DDIT4/REDD1/RTP801 is a novel negative regulator of Schwann cell myelination.

机构信息

Dulbecco Telethon Institute at Institute of Experimental Neurology (INSPE), San Raffaele Scientific Institute, 20132 Milan, Italy, UniSR, Vita Salute San Raffaele University, 20132 Milan, Italy, Institute of Experimental Neurology (INSPE), San Raffaele Scientific Institute, 20132 Milan, Italy, Hunter James Kelly Research Institute, University at Buffalo, State University of New York, Buffalo, New York 14203, Quark Pharmaceuticals, 70400 Ness Ziona, Israel, and The Johns Hopkins University School of Medicine, Baltimore, Maryland 21205.

出版信息

J Neurosci. 2013 Sep 18;33(38):15295-305. doi: 10.1523/JNEUROSCI.2408-13.2013.

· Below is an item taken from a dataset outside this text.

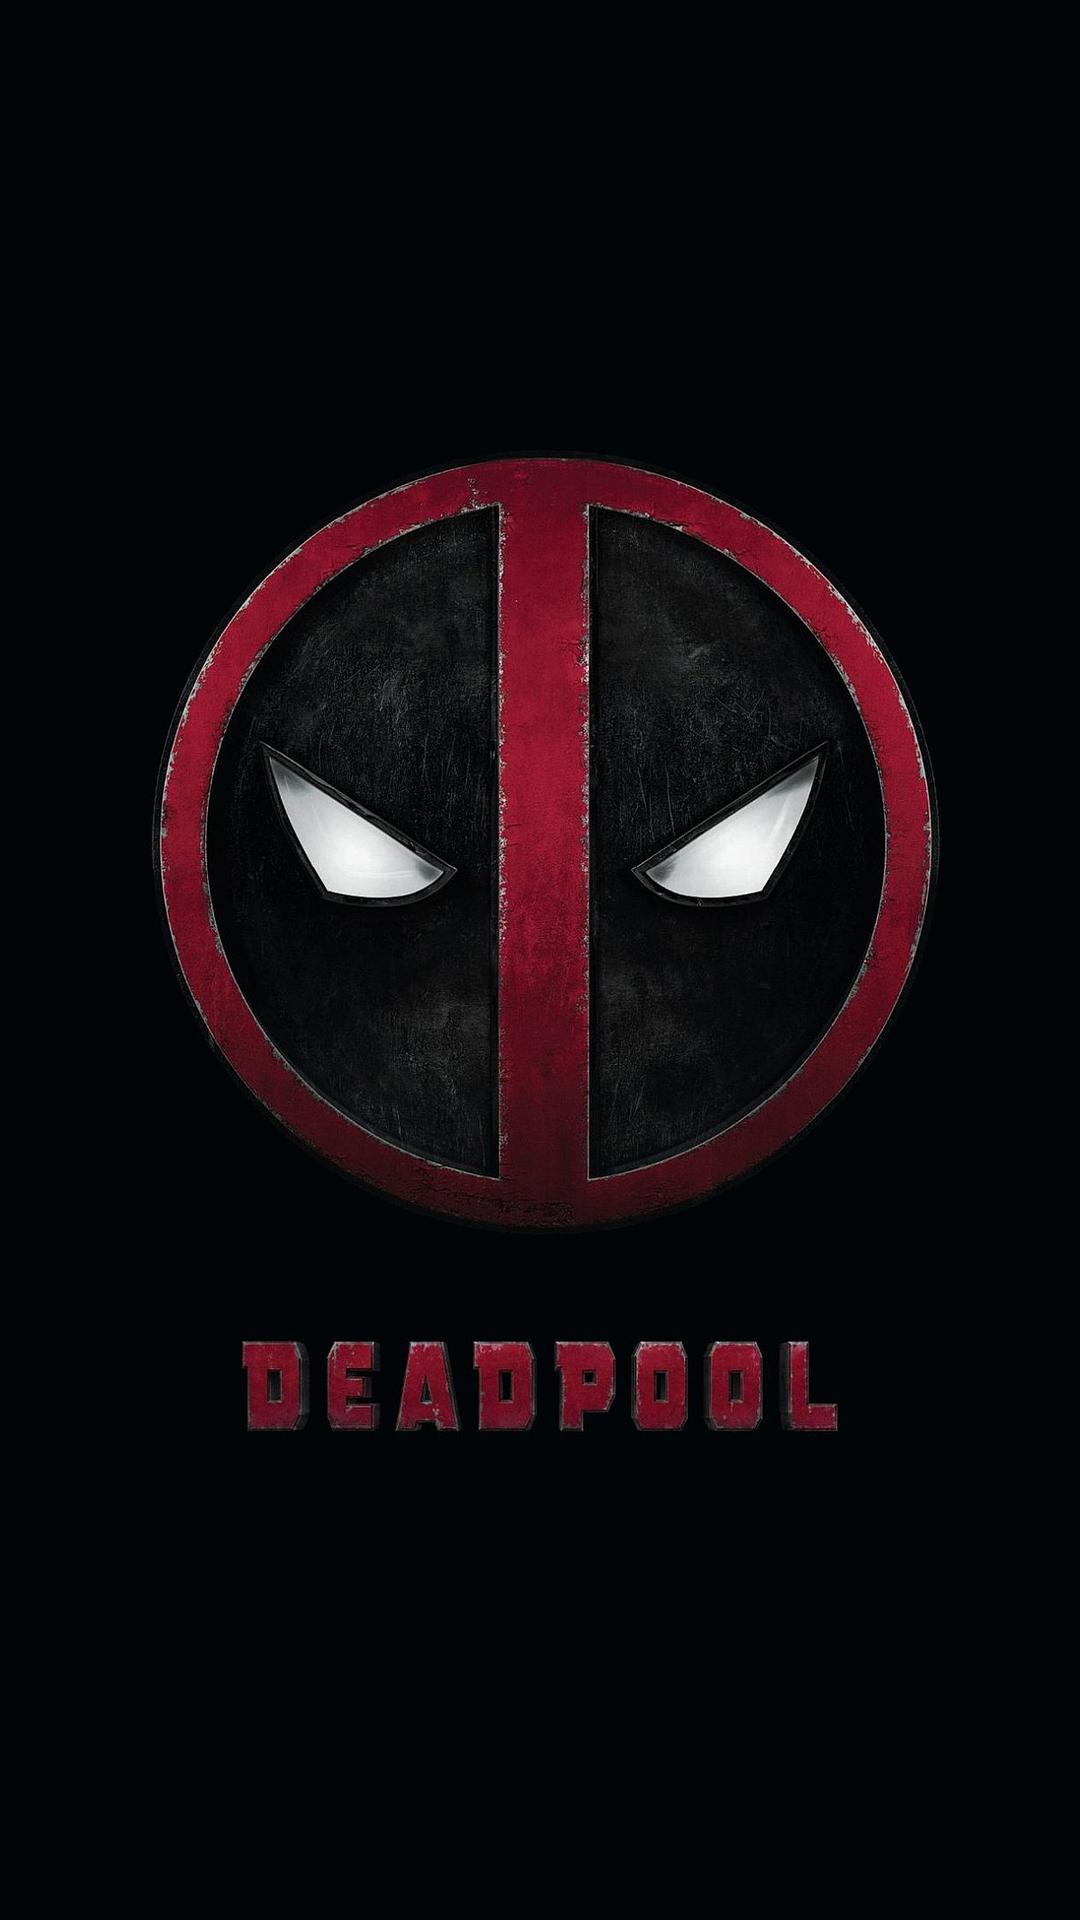 Godfather Wallpaper Iphone X Deadpool Logo Iphone Wallpaper Hd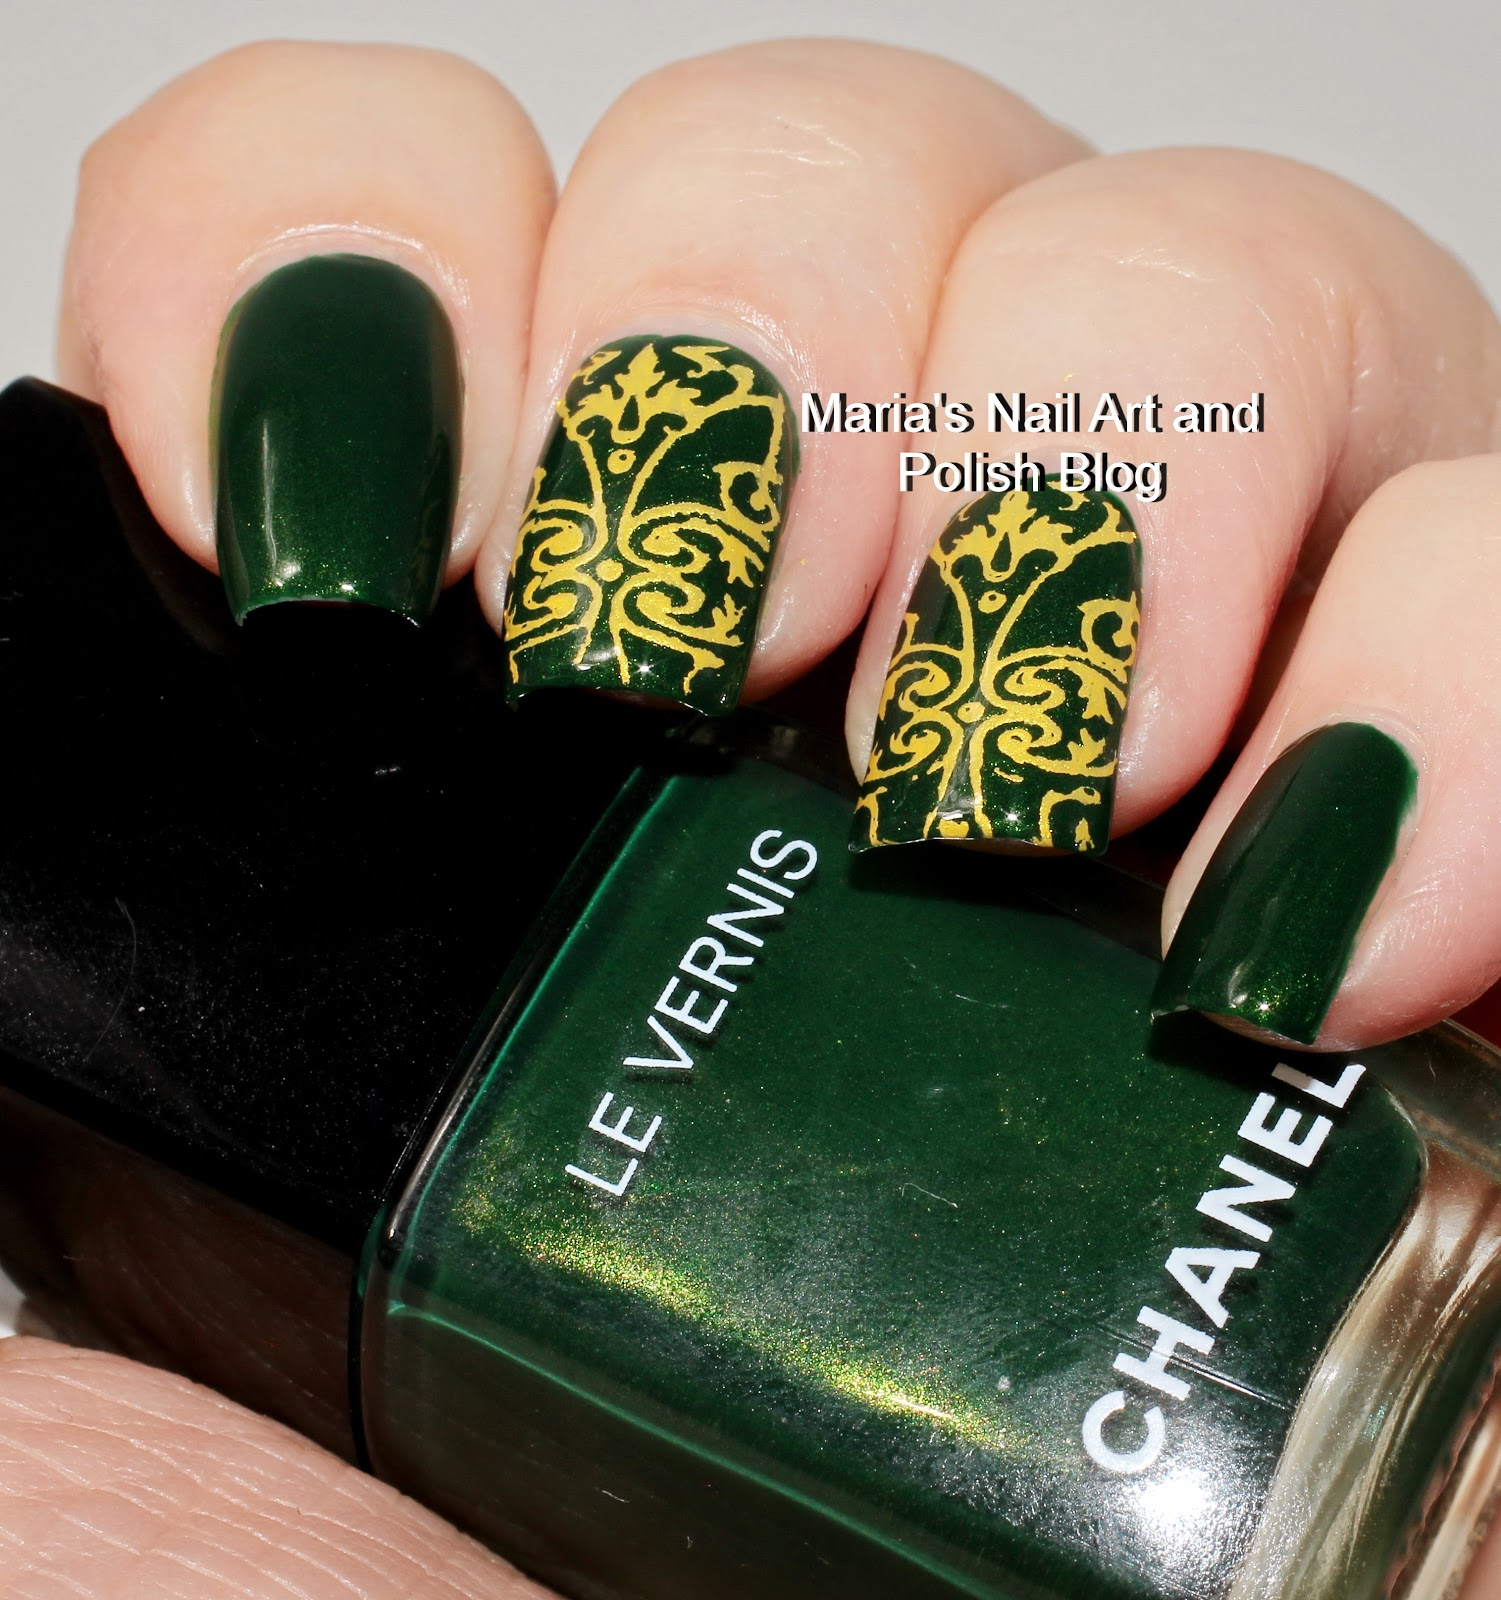 Marias Nail Art and Polish Blog: My stamping journey - part 18

DOI:10.1523/JNEUROSCI.2408-13.2013
PMID:24048858
原文链接:https://pmc.ncbi.nlm.nih.gov/articles/PMC3988321/
Abstract

Signals that promote myelination must be tightly modulated to adjust myelin thickness to the axonal diameter. In the peripheral nervous system, axonal neuregulin 1 type III promotes myelination by activating erbB2/B3 receptors and the PI3K/AKT/mTOR pathway in Schwann cells. Conversely, PTEN (phosphatase and tensin homolog on chromosome 10) dephosphorylates PtdIns(3,4,5)P3 and negatively regulates the AKT pathway and myelination. Recently, the DLG1/SAP97 scaffolding protein was described to interact with PTEN to enhance PIP3 dephosphorylation. Here we now report that nerves from mice with conditional inactivation of Dlg1 in Schwann cells display only a transient increase in myelin thickness during development, suggesting that DLG1 is a transient negative regulator of myelination. Instead, we identified DDIT4/RTP801/REDD1 as a sustained negative modulator of myelination. We show that DDIT4 is expressed in Schwann cells and its maximum expression level precedes the peak of AKT activation and of DLG1 activity in peripheral nerves. Moreover, loss of DDIT4 expression both in vitro and in vivo in Ddit4-null mice provokes sustained hypermyelination and enhanced mTORC1 activation, thus suggesting that this molecule is a novel negative regulator of PNS myelination.

摘要

促进髓鞘形成的信号必须被严格调节,以将髓鞘厚度调整到轴突直径。在外周神经系统中,轴突神经调节素 1 型 III 通过激活施万细胞中的 erbB2/B3 受体和 PI3K/AKT/mTOR 途径来促进髓鞘形成。相反,PTEN(染色体 10 上的磷酸酶和张力蛋白同源物)去磷酸化 PtdIns(3,4,5)P3,负调控 AKT 途径和髓鞘形成。最近,描述了 DLG1/SAP97 支架蛋白与 PTEN 相互作用,以增强 PIP3 的去磷酸化。在这里,我们现在报告说,施万细胞中条件性缺失 Dlg1 的小鼠的神经在发育过程中仅表现出髓鞘厚度的短暂增加,这表明 DLG1 是髓鞘形成的瞬时负调节剂。相反,我们确定 DDIT4/RTP801/REDD1 是髓鞘形成的持续负调节剂。我们表明 DDIT4 在施万细胞中表达,其最大表达水平先于外周神经中 AKT 激活和 DLG1 活性的峰值。此外,在体外和体内缺失 DDIT4 表达在 Ddit4 缺陷小鼠中引发持续的过度髓鞘形成和增强的 mTORC1 激活,这表明该分子是 PNS 髓鞘形成的新型负调节剂。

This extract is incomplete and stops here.